Objective
Breast arterial calcifications (BAC) are a sex-specific cardiovascular disease biomarker that might improve cardiovascular risk stratification in women. We implemented a deep convolutional neural network for automatic BAC detection and quantification.
Methods
In this retrospective study, four readers labelled four-view mammograms as BAC positive (BAC+) or BAC negative (BAC−) at image level. Starting from a pretrained VGG16 model, we trained a convolutional neural network to discriminate BAC+ and BAC− mammograms. Accuracy, F1 score, and area under the receiver operating characteristic curve (AUC-ROC) were used to assess the diagnostic performance. Predictions of calcified areas were generated using the generalized gradient-weighted class activation mapping (Grad-CAM++) method, and their correlation with manual measurement of BAC length in a subset of cases was assessed using Spearman ρ.
Results
A total 1493 women (198 BAC+) with a median age of 59 years (interquartile range 52–68) were included and partitioned in a training set of 410 cases (1640 views, 398 BAC+), validation set of 222 cases (888 views, 89 BAC+), and test set of 229 cases (916 views, 94 BAC+). The accuracy, F1 score, and AUC-ROC were 0.94, 0.86, and 0.98 in the training set; 0.96, 0.74, and 0.96 in the validation set; and 0.97, 0.80, and 0.95 in the test set, respectively. In 112 analyzed views, the Grad-CAM++ predictions displayed a strong correlation with BAC measured length (ρ = 0.88, p < 0.001).
Conclusion
Our model showed promising performances in BAC detection and in quantification of BAC burden, showing a strong correlation with manual measurements.

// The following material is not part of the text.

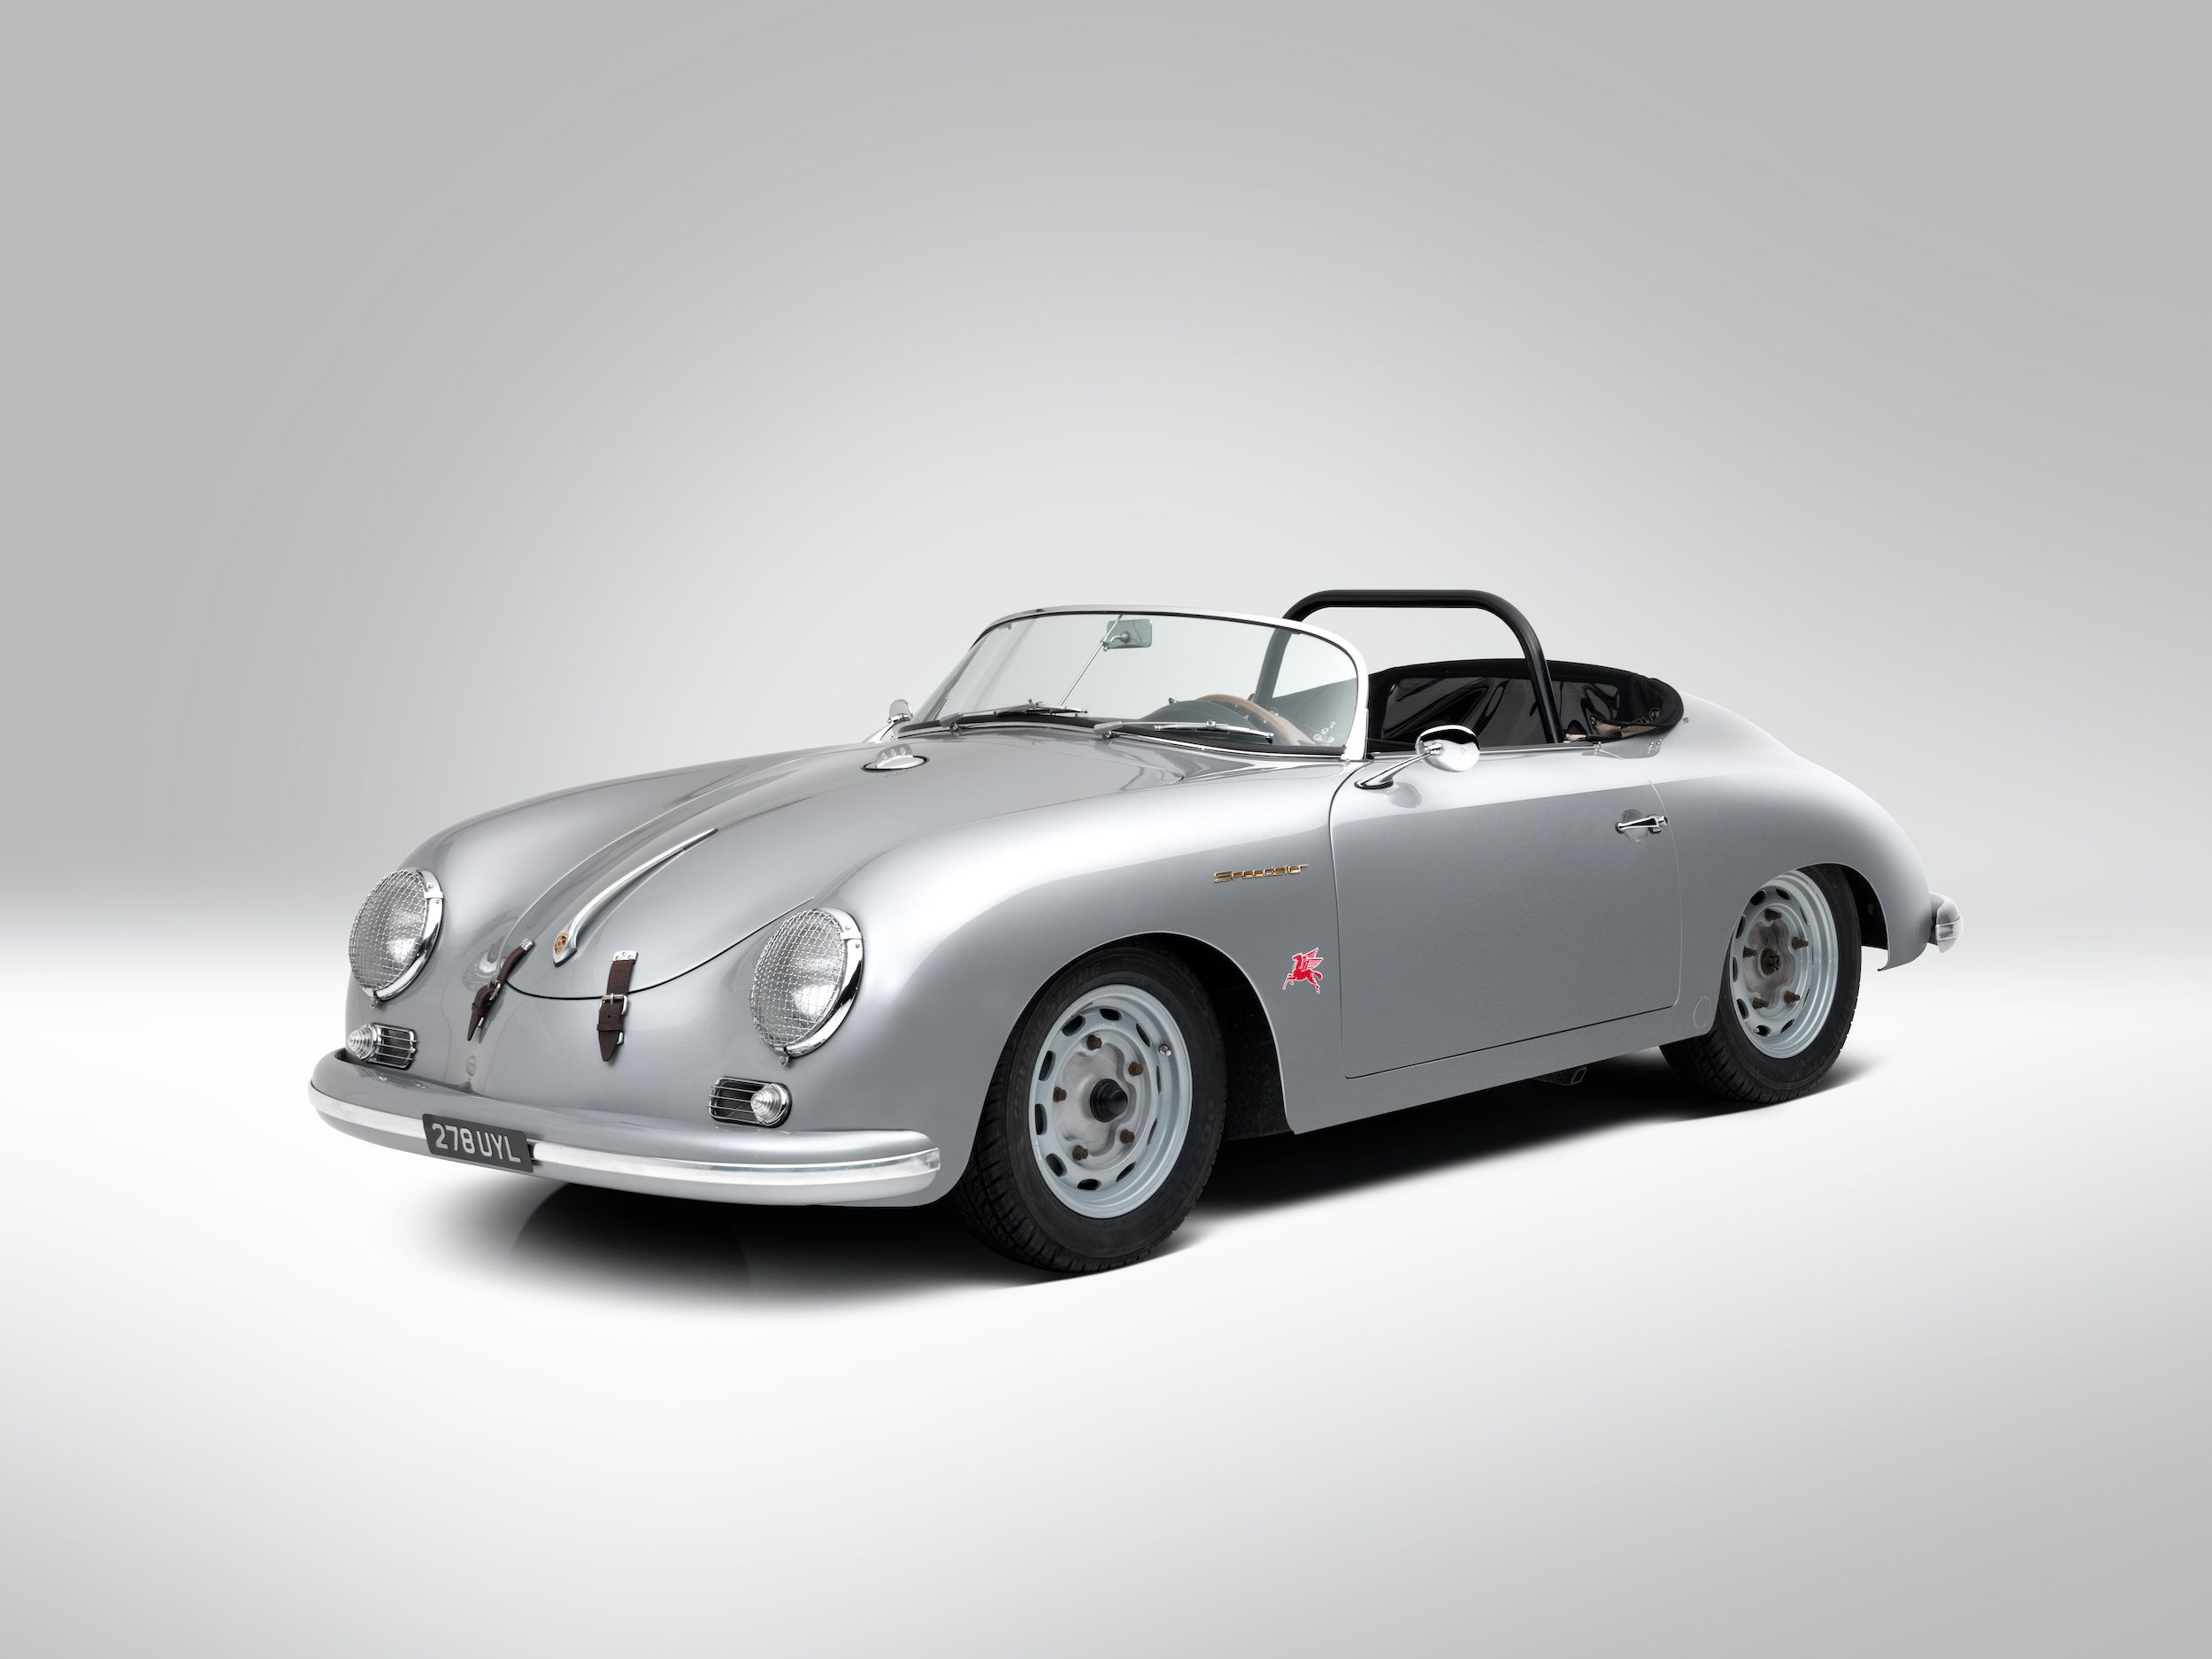 1958 porsche 356 a 1600 super speedster [ 2500 x 1875 Pixel ]

Clinical relevance statement
Integrating our model to clinical practice could improve BAC reporting without increasing clinical workload, facilitating large-scale studies on the impact of BAC as a biomarker of cardiovascular risk, raising awareness on women’s cardiovascular health, and leveraging mammographic screening.
Key Points
• We implemented a deep convolutional neural network (CNN) for BAC detection and quantification.
• Our CNN had an area under the receiving operator curve of 0.95 for BAC detection in the test set composed of 916 views, 94 of which were BAC+ .
• Furthermore, our CNN showed a strong correlation with manual BAC measurements (ρ = 0.88) in a set of 112 views.